Prompt
Copy the listing exactly, please, and keep every picture out of it.

Provided material
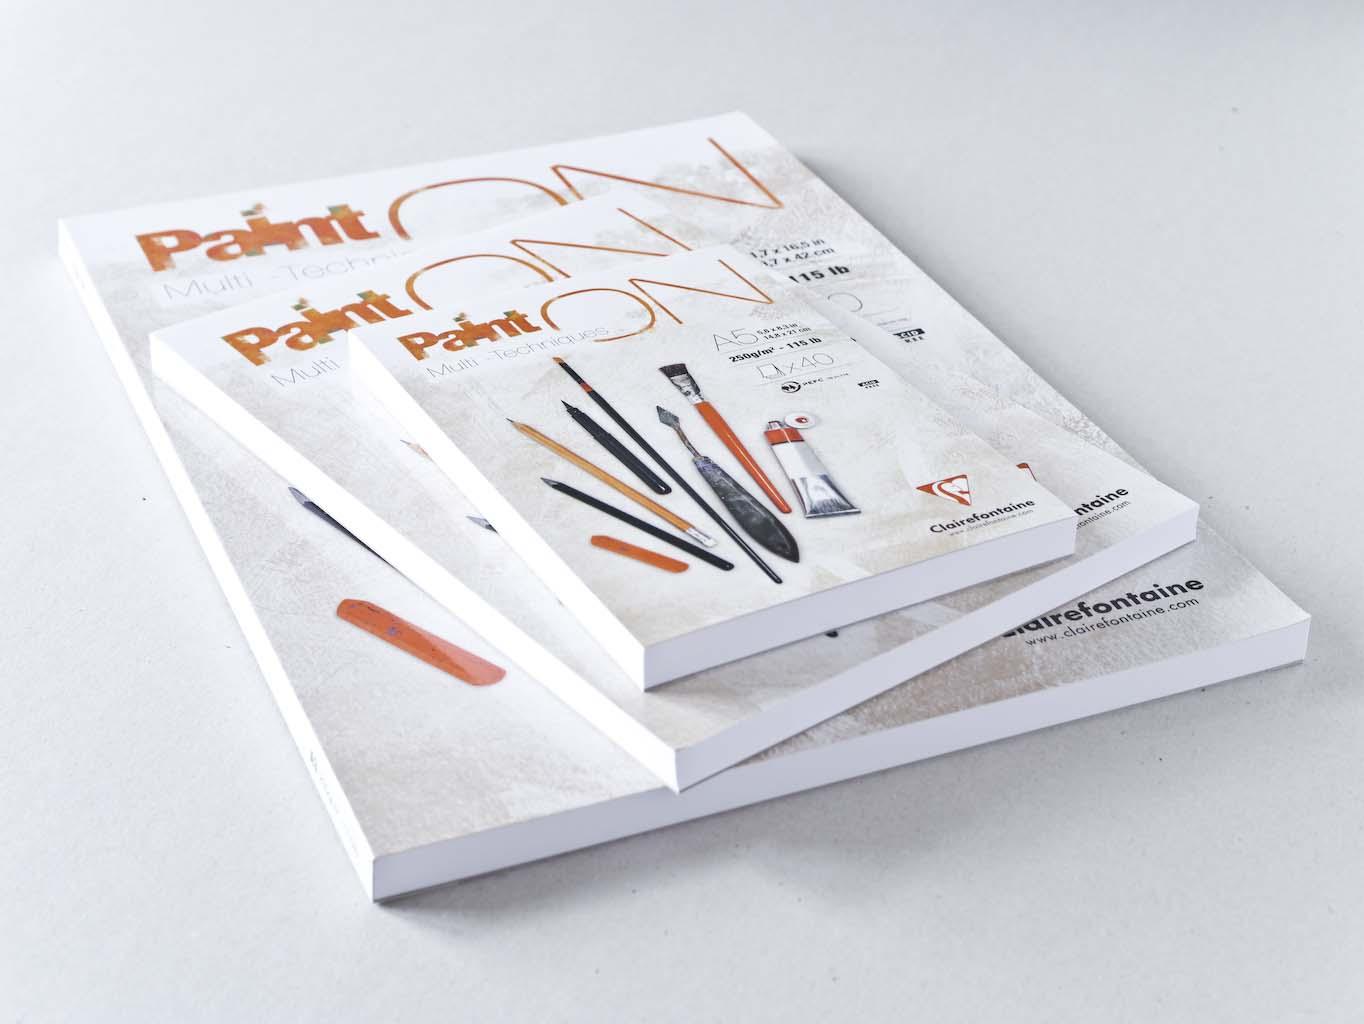 Papir & Blokke
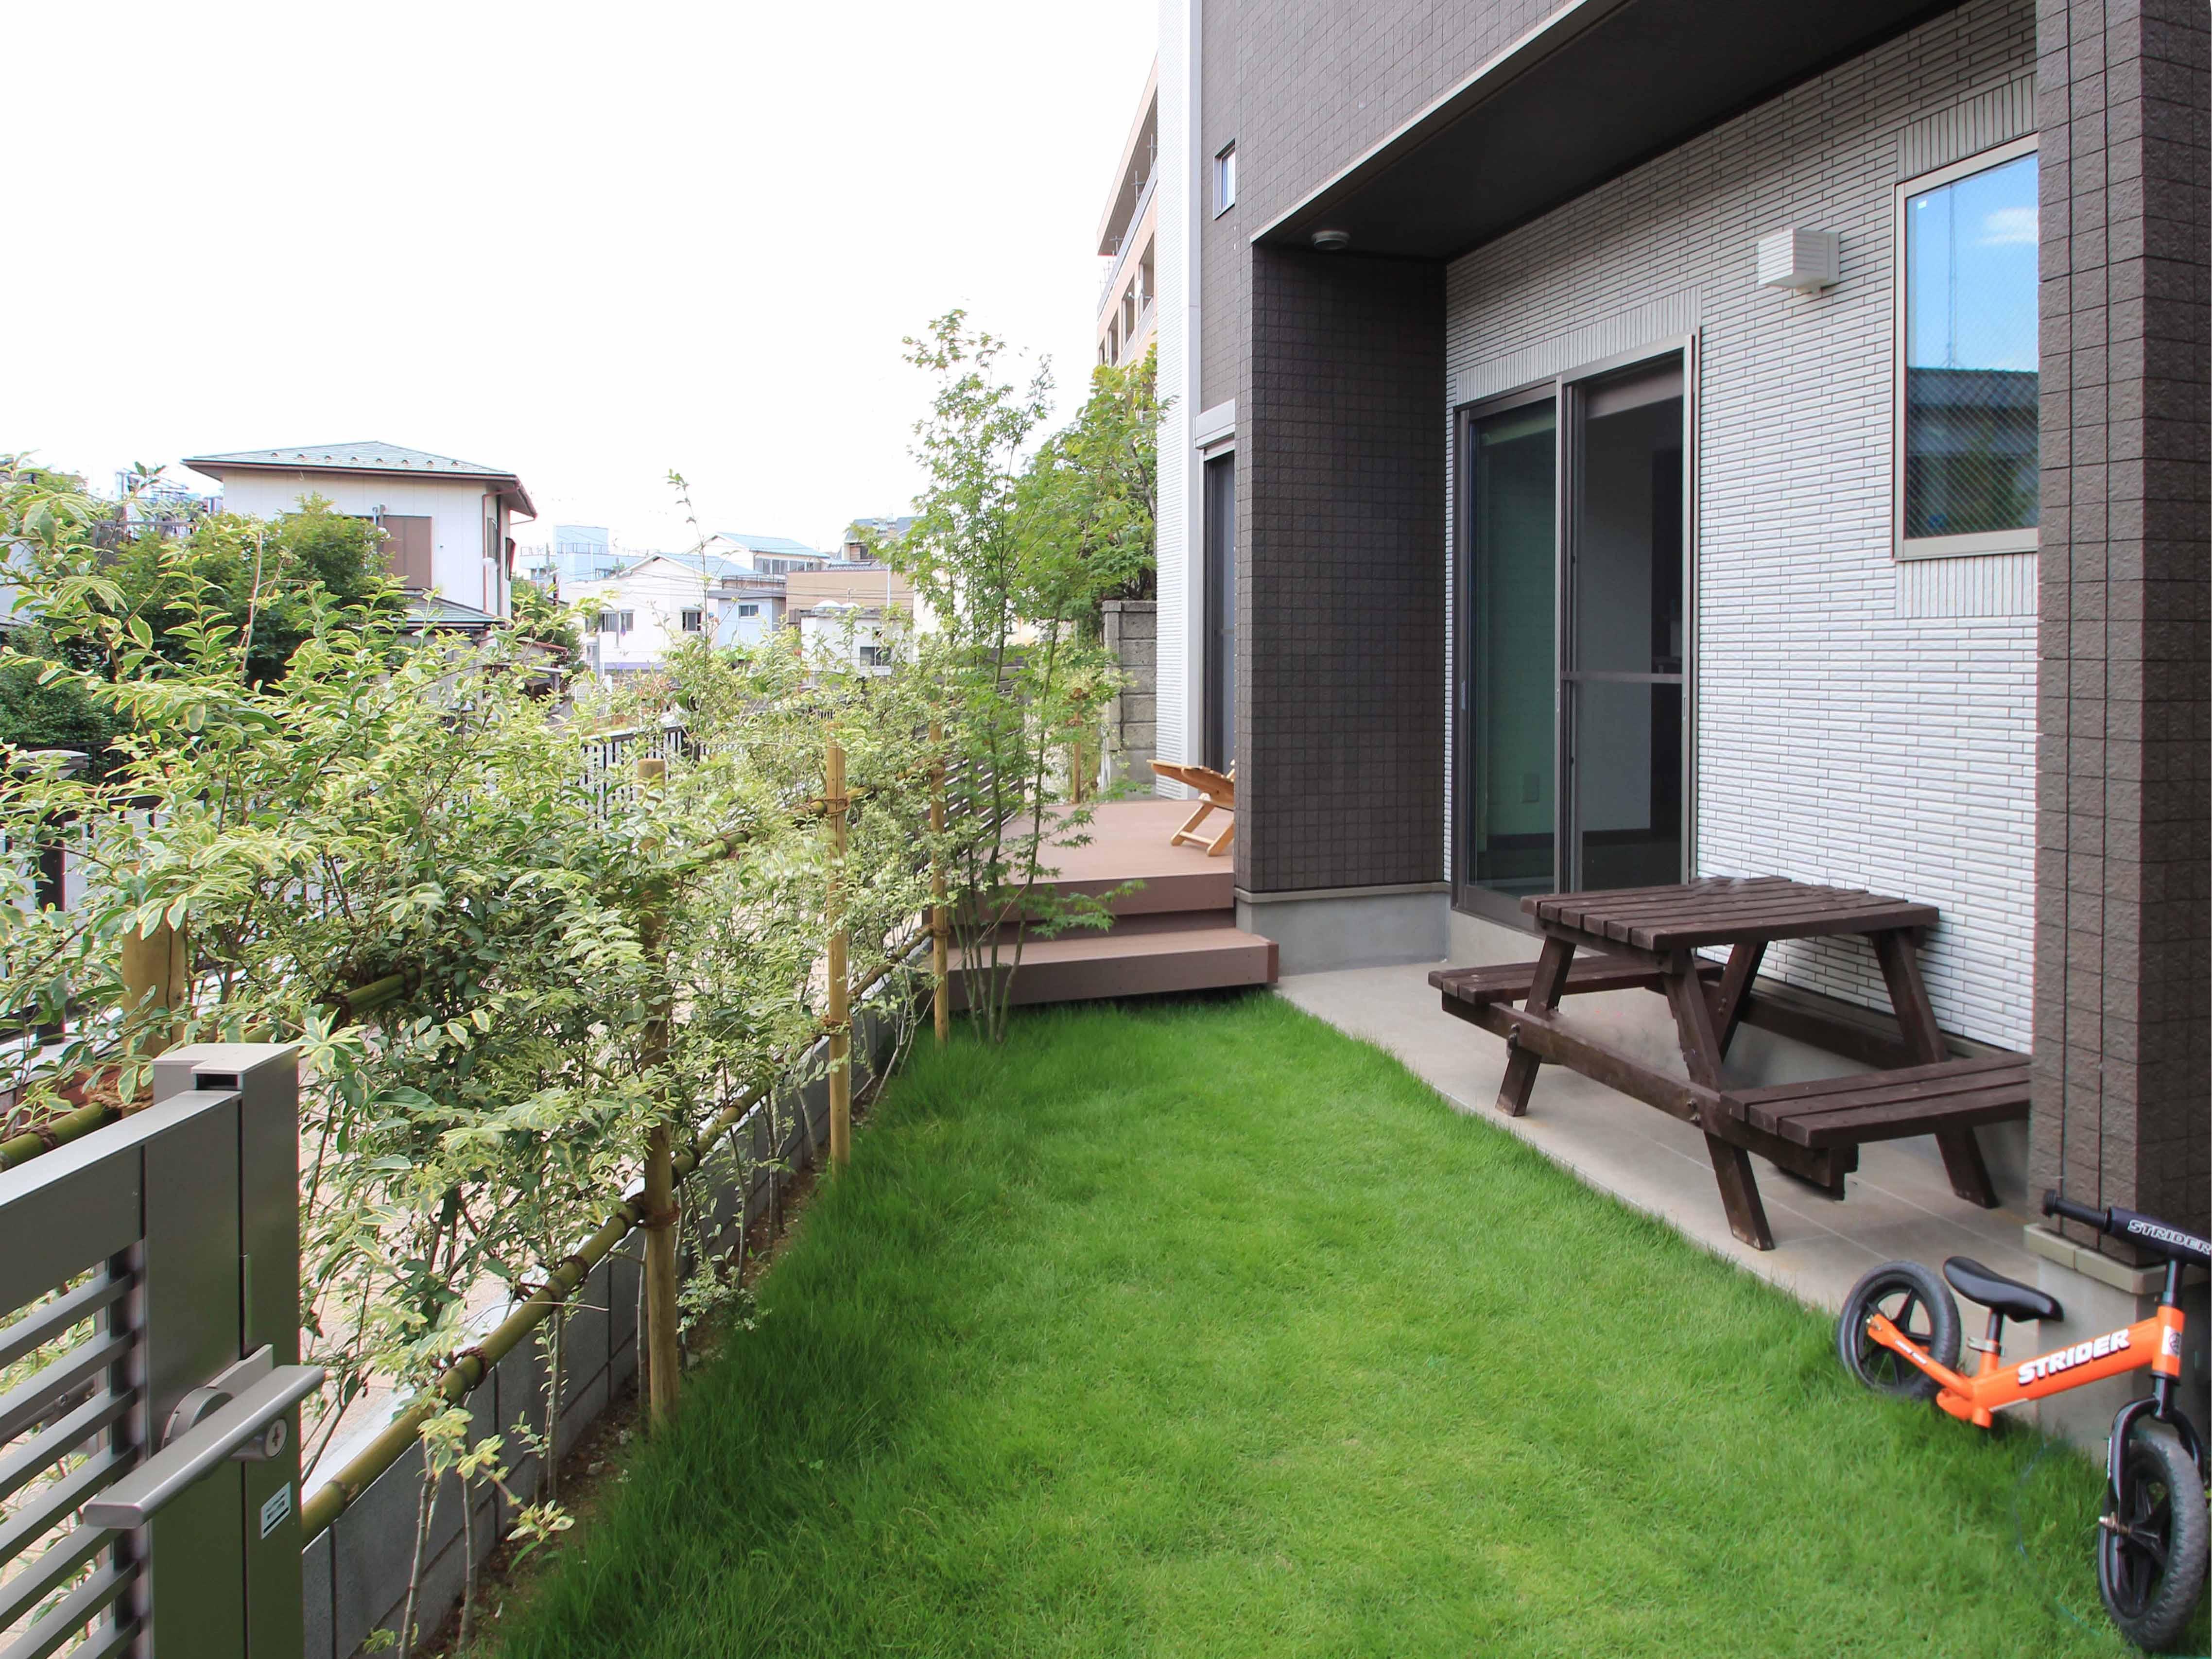 楽しいお庭のガーデンライフ<br>浦安市F様邸10
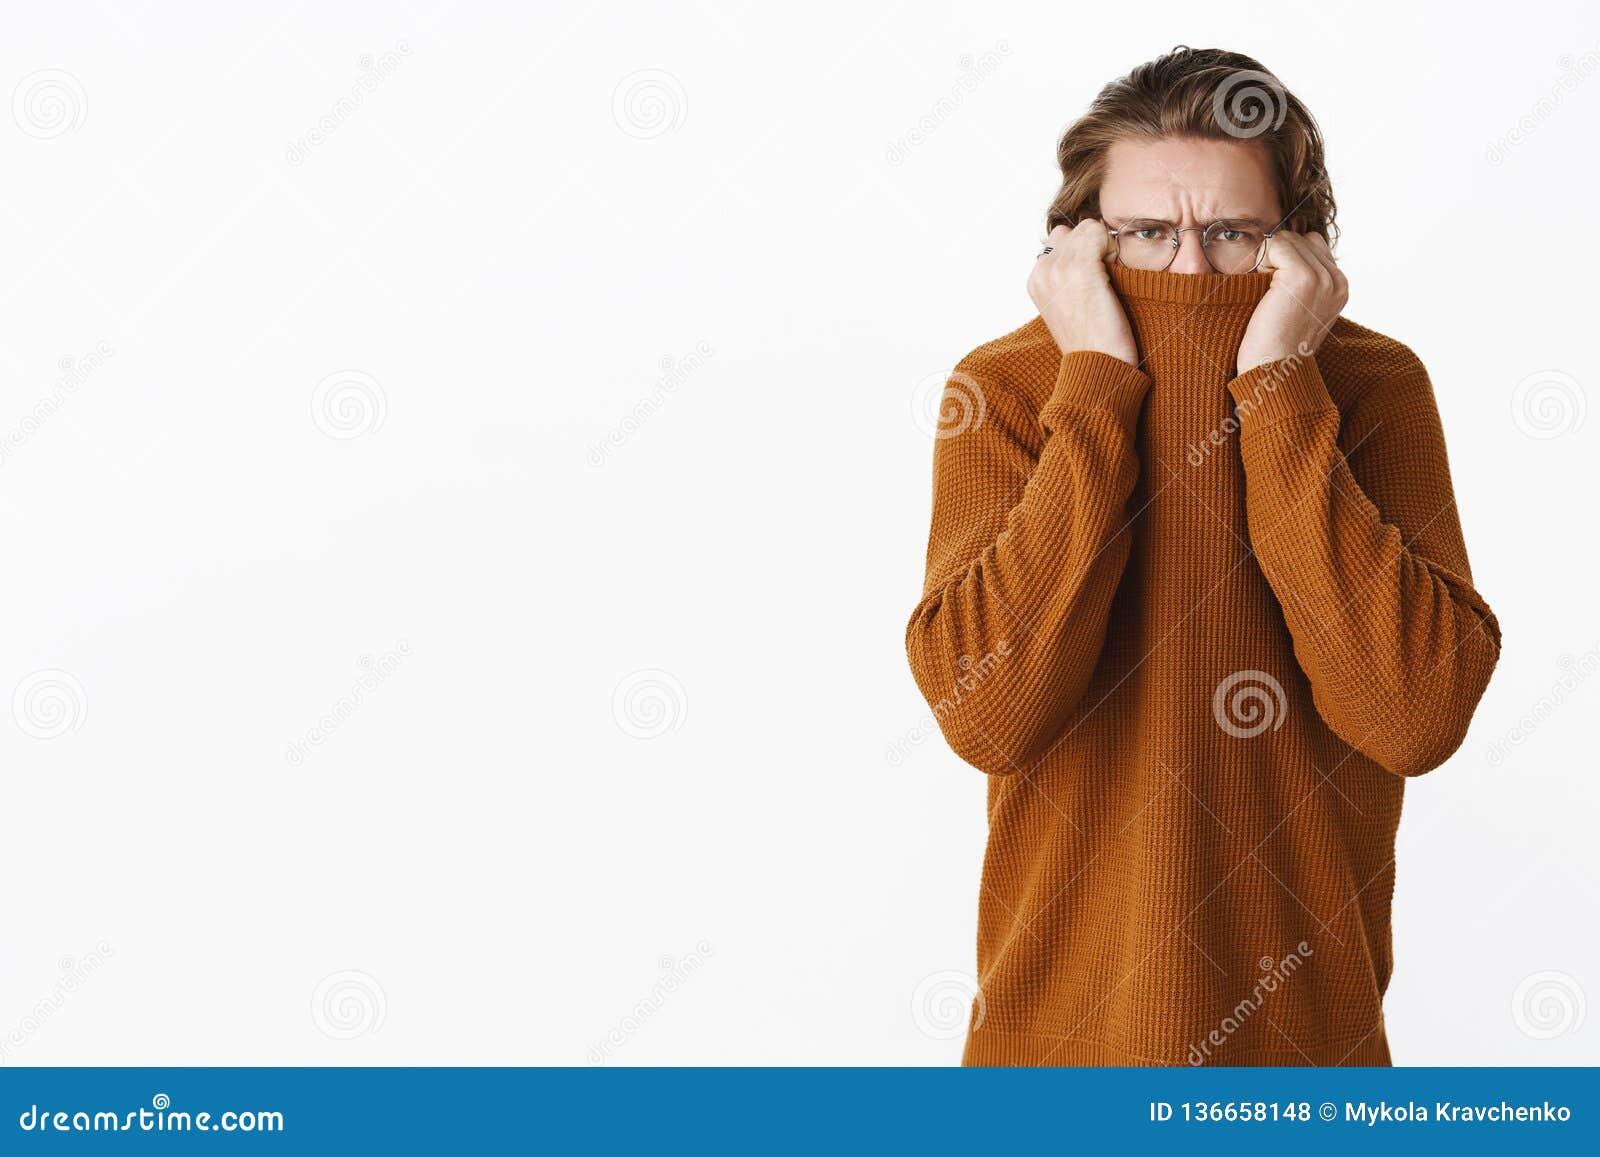 Studioschot van ontstemde gehinderde leuke Kaukasische kerel met lang eerlijk haar en glazen teleurgesteld fronsen zoals schudden
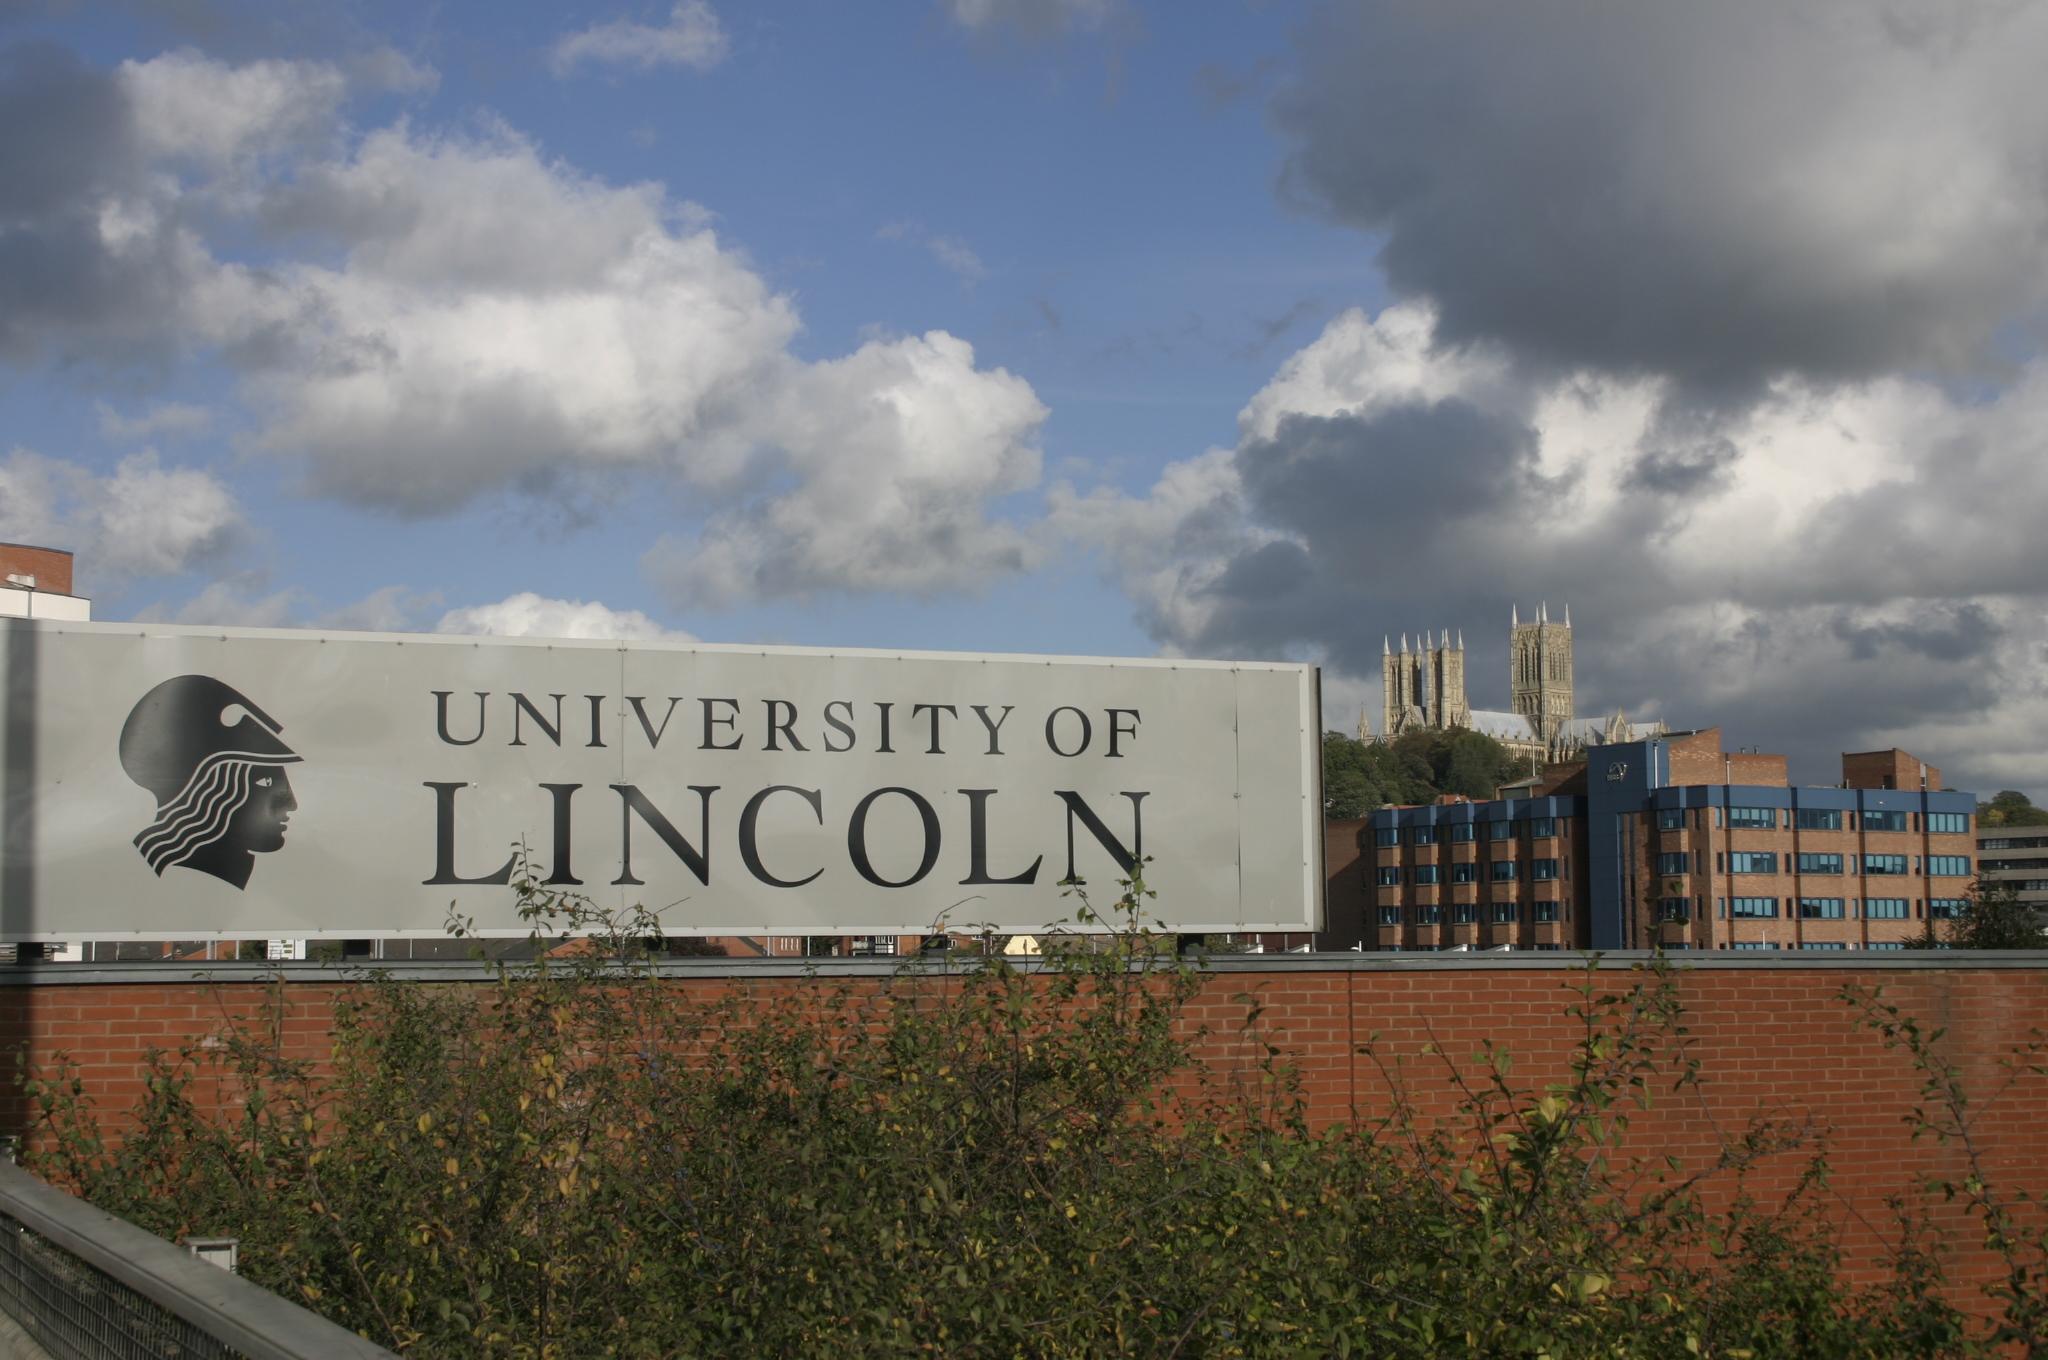 Description uk university of lincoln logosign

Written answer
 Papir & Blokke
 楽しいお庭のガーデンライフ<br>浦安市F様邸10
 Studioschot van ontstemde gehinderde leuke Kaukasische kerel met lang eerlijk haar en glazen teleurgesteld fronsen zoals schudden
 Description uk university of lincoln logosign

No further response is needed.